(Data segment)

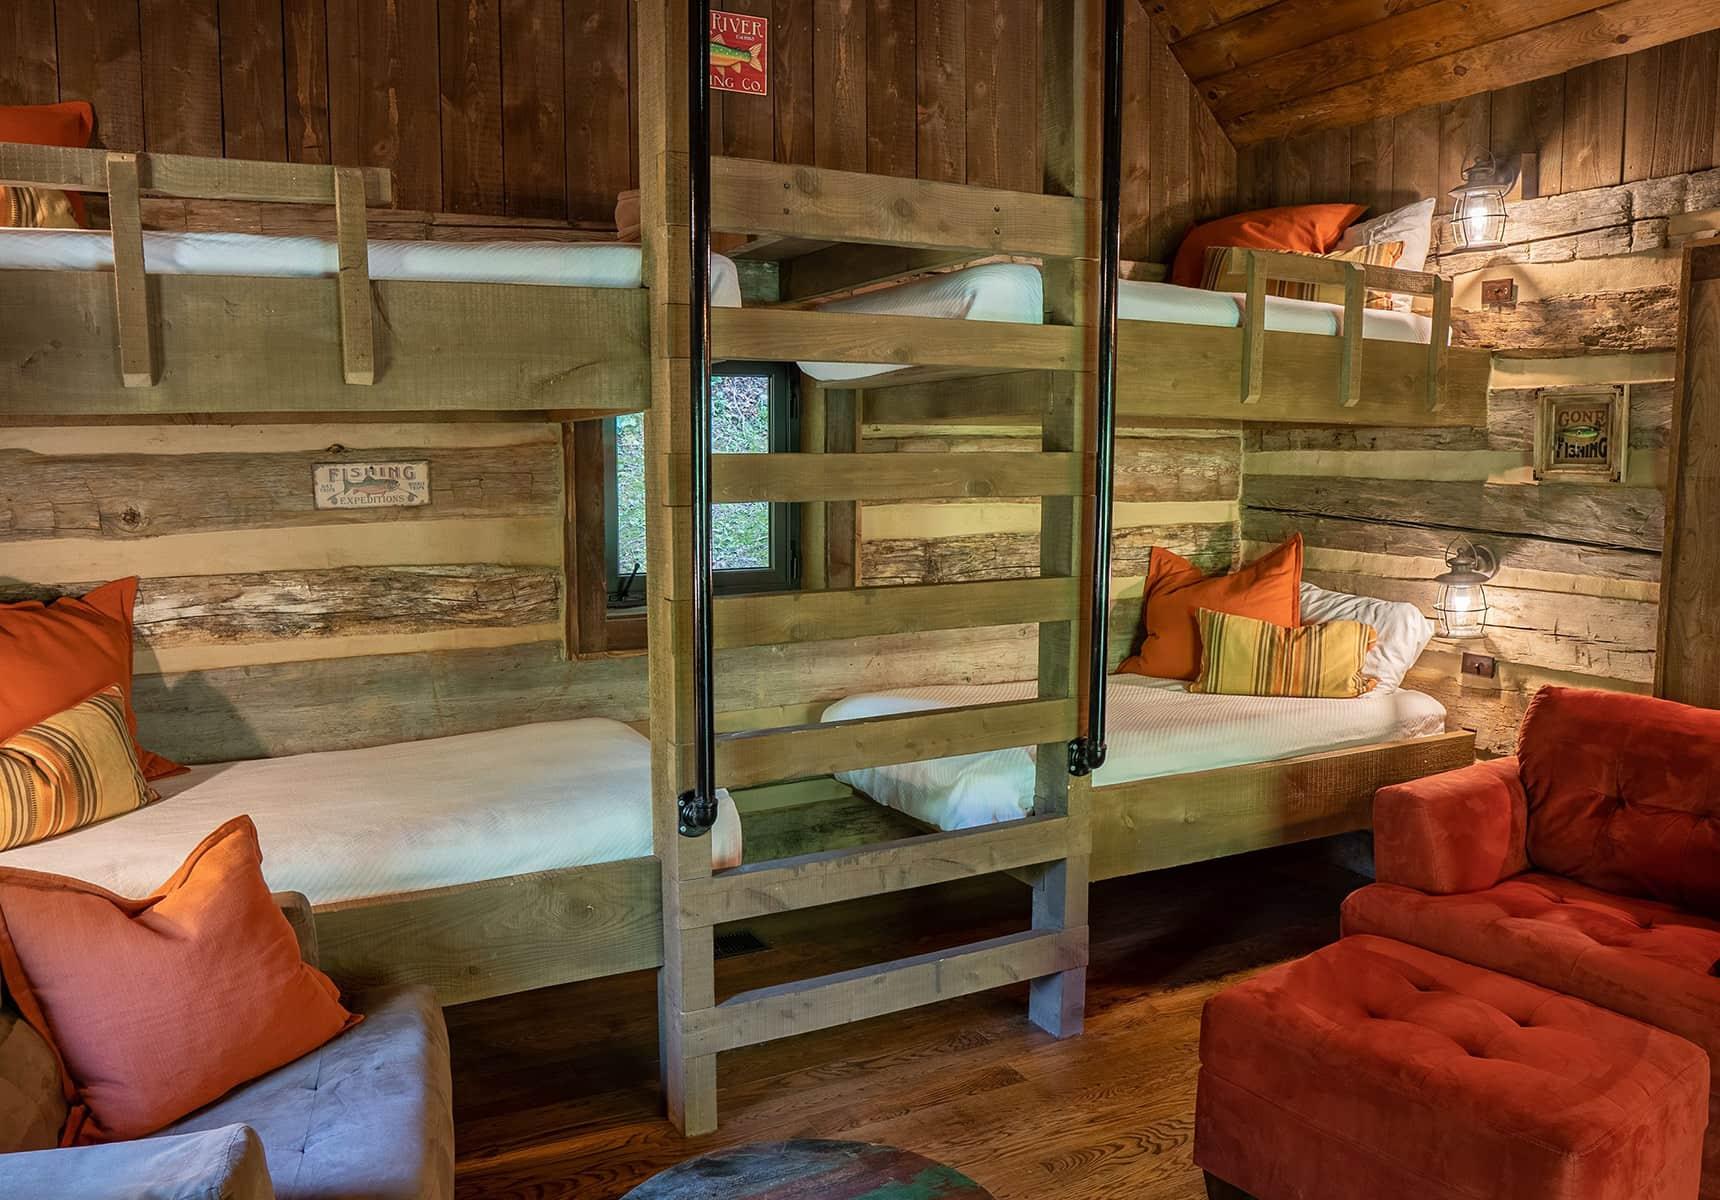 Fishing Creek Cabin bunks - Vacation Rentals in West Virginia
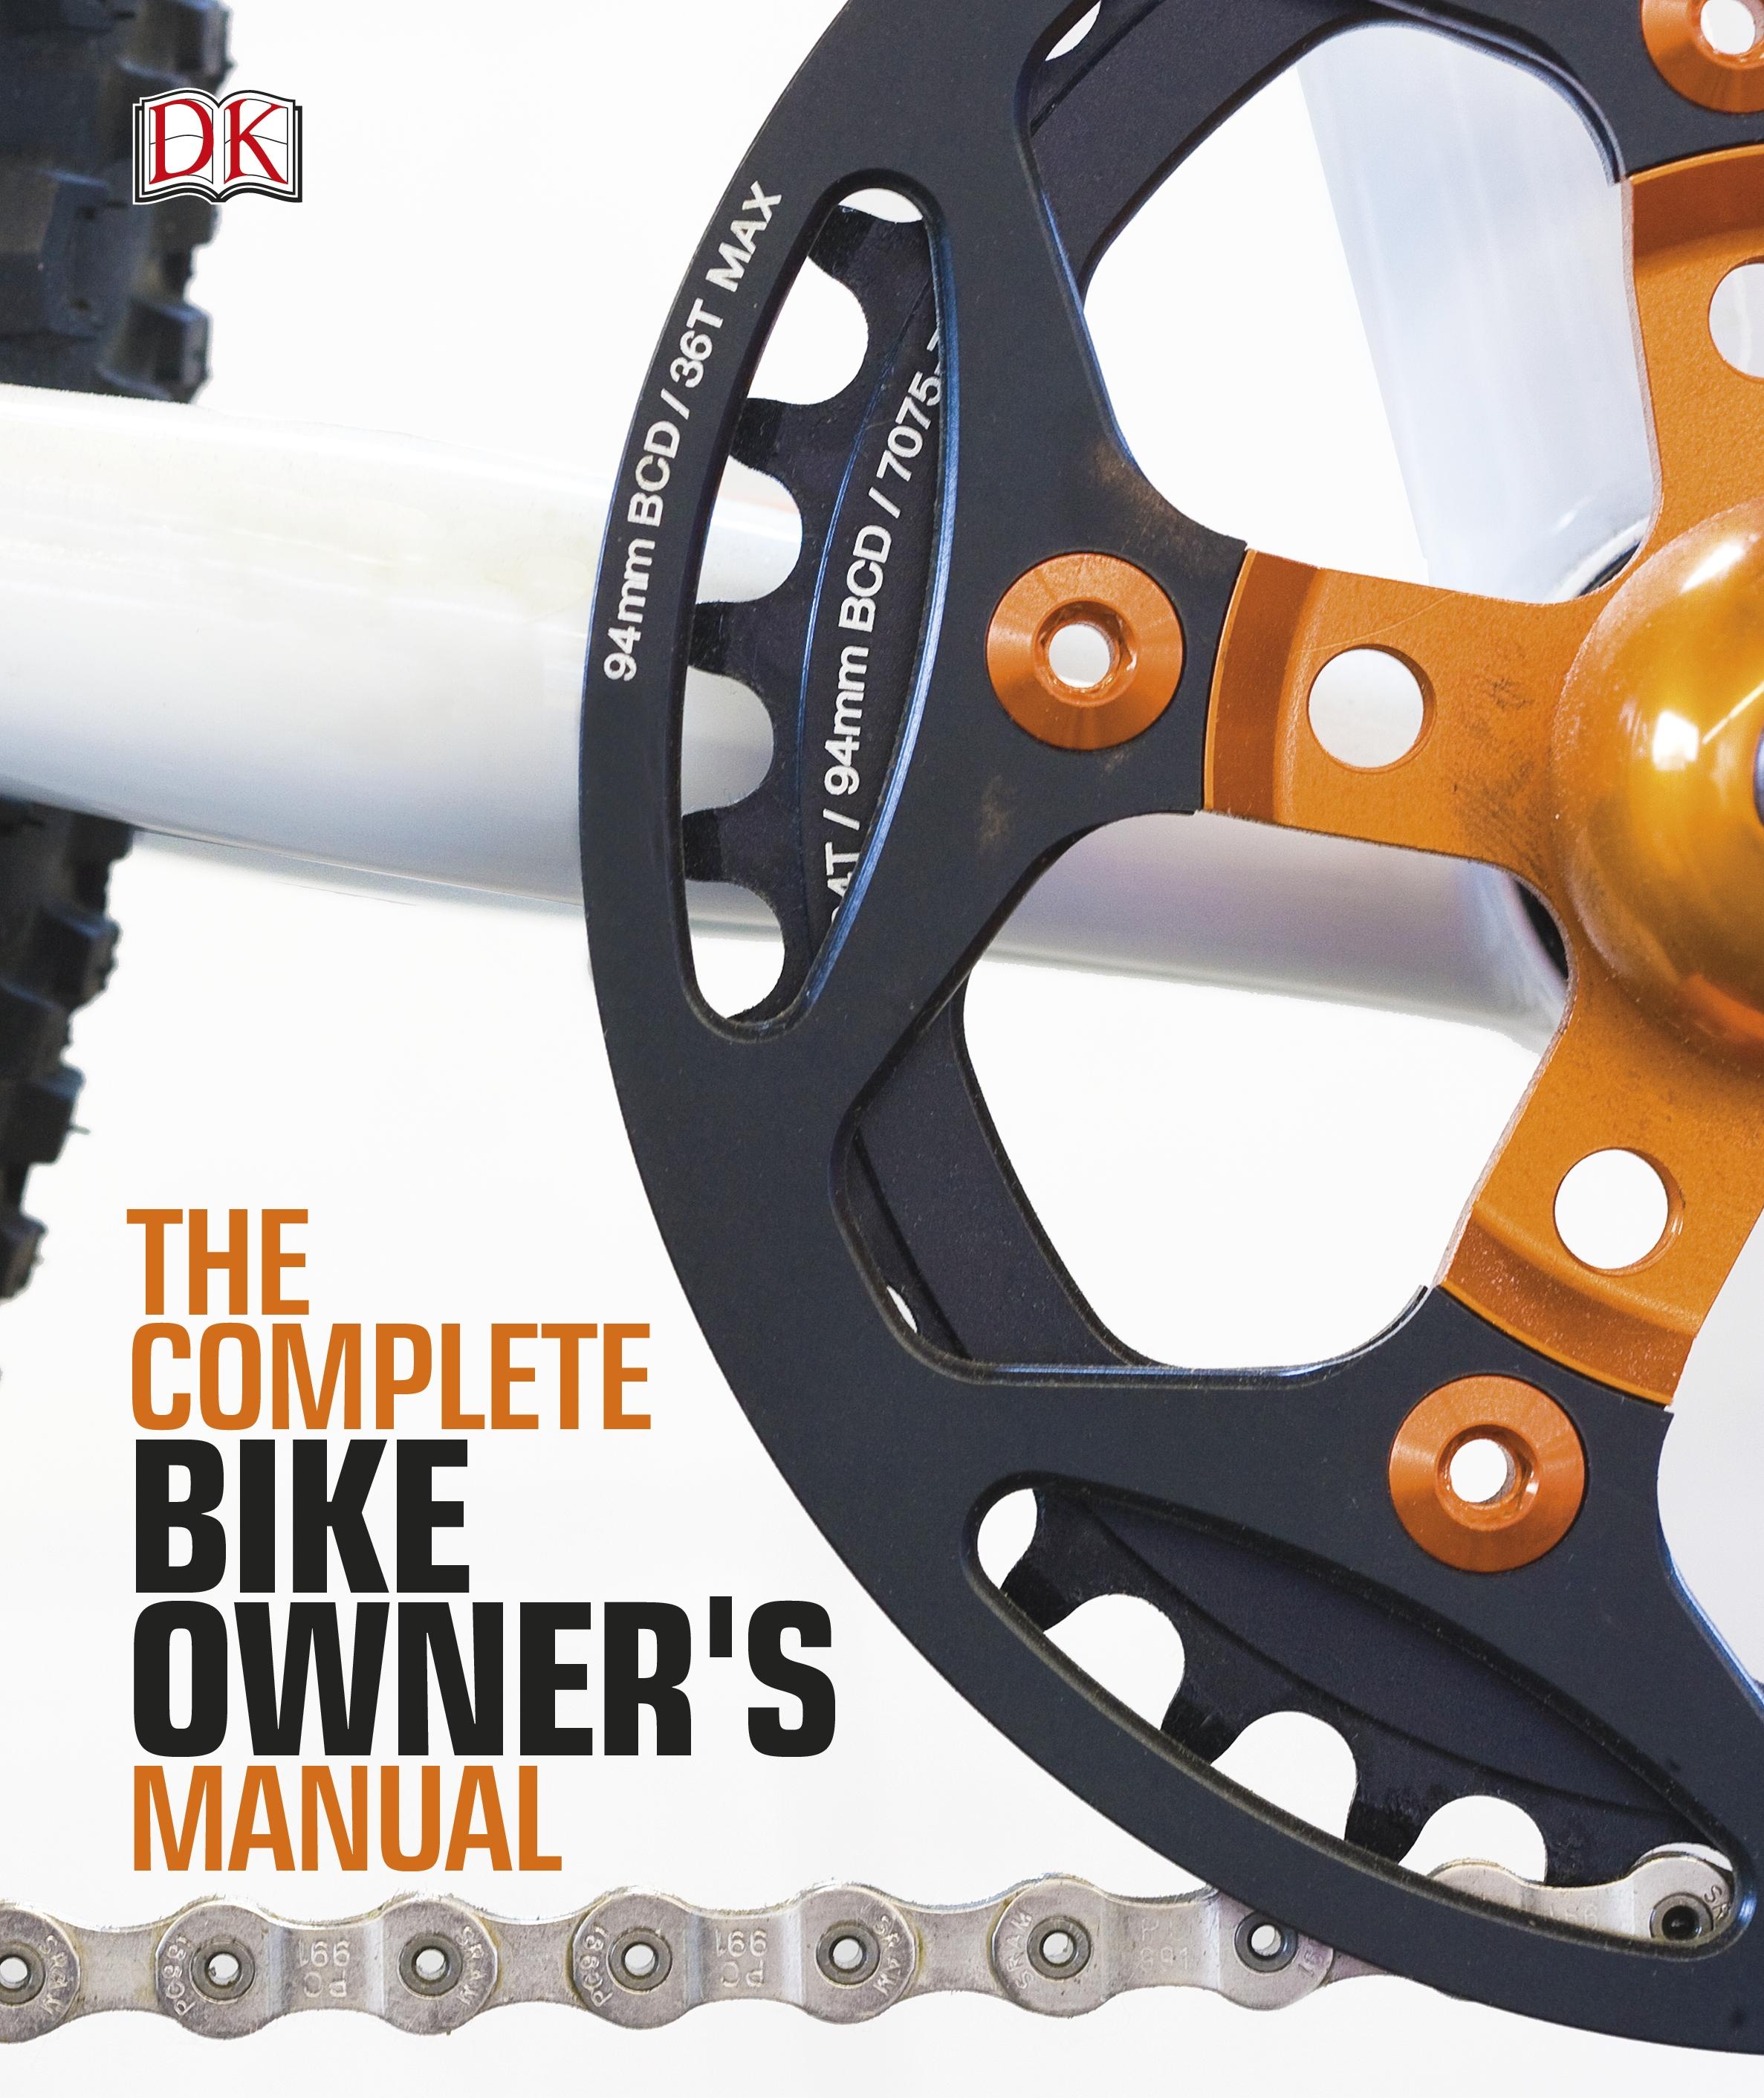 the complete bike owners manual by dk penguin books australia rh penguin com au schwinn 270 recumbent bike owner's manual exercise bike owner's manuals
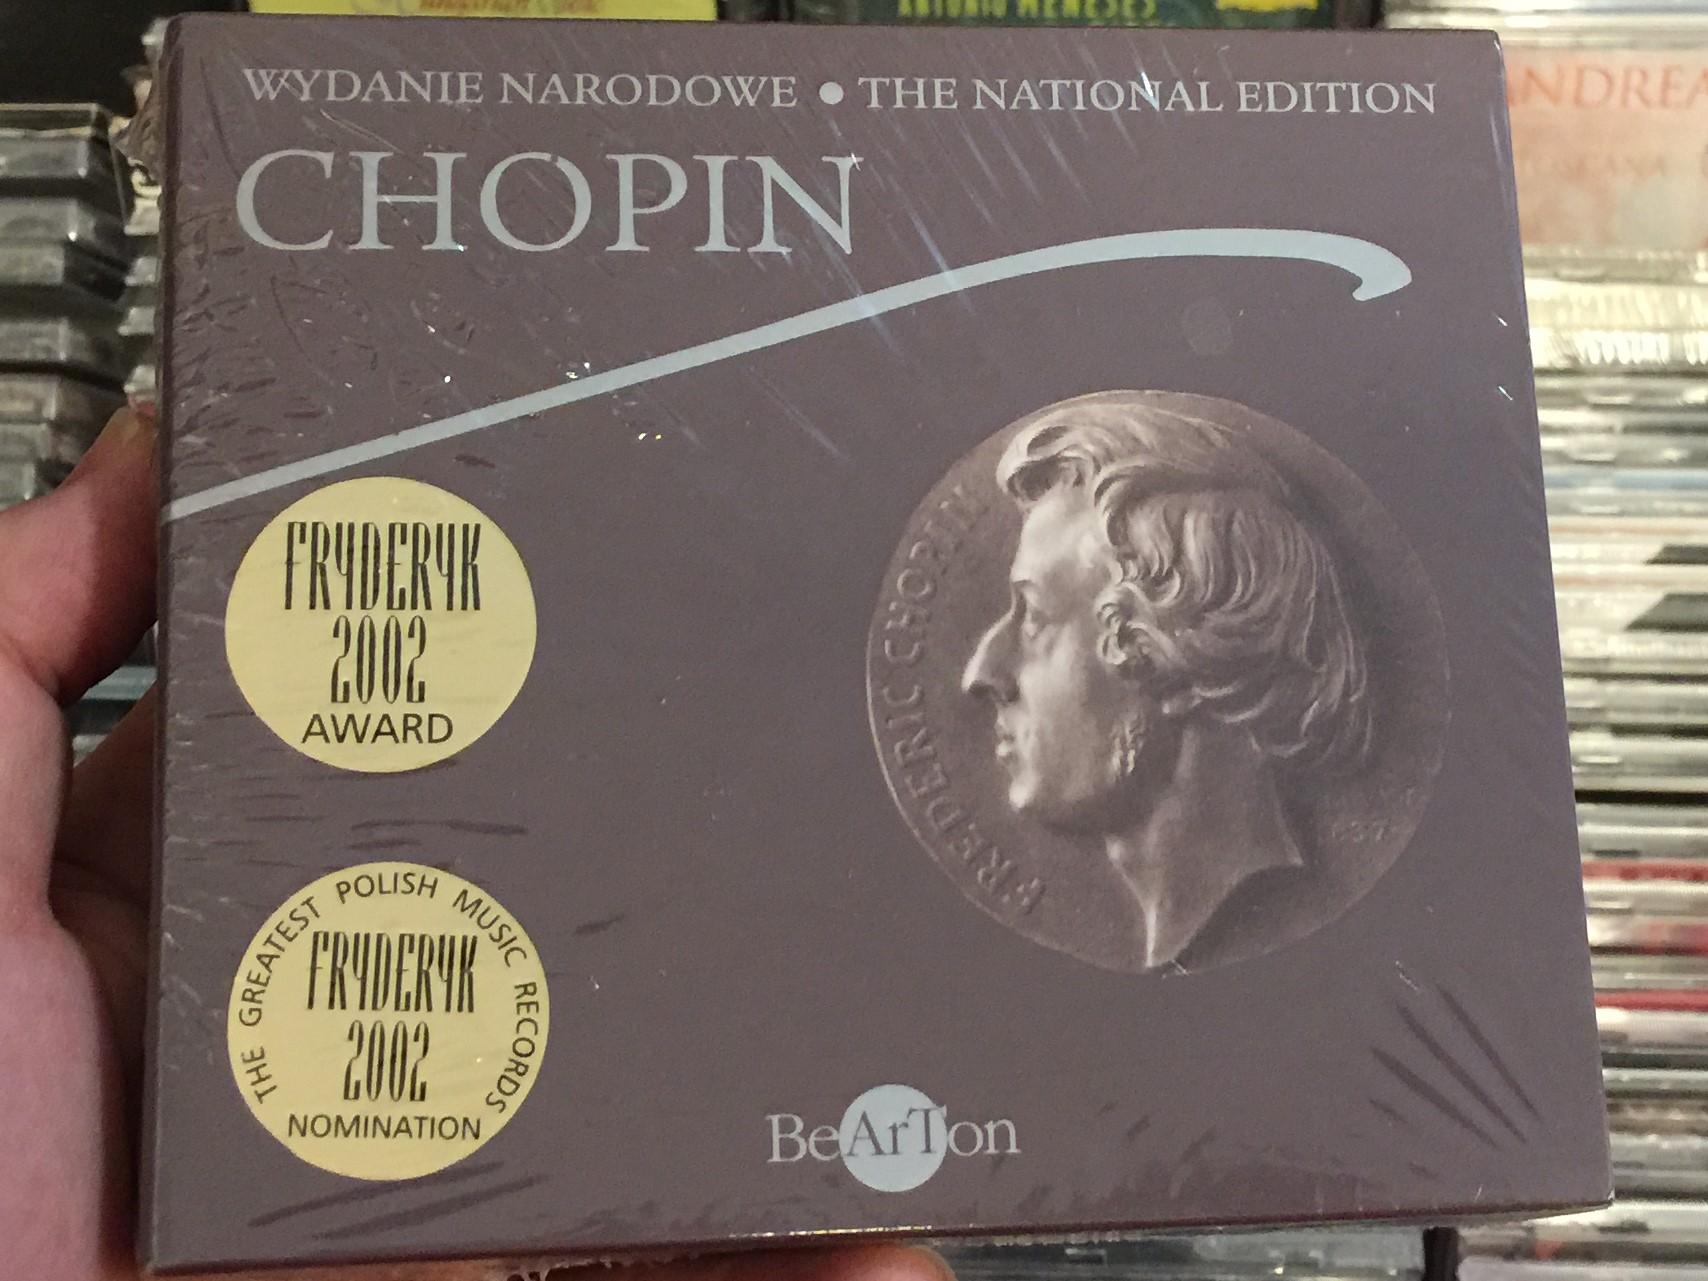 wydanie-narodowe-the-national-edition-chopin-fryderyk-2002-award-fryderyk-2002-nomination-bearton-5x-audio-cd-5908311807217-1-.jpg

(End Data segment)

What this task involves: Pictures stay out; retype only the lines from the line containing "the complete bike" through the end of the listing, inclusive, exactly as they appear.

Response:
 the complete bike owners manual by dk penguin books australia rh penguin com au schwinn 270 recumbent bike owner's manual exercise bike owner's manuals
 wydanie-narodowe-the-national-edition-chopin-fryderyk-2002-award-fryderyk-2002-nomination-bearton-5x-audio-cd-5908311807217-1-.jpg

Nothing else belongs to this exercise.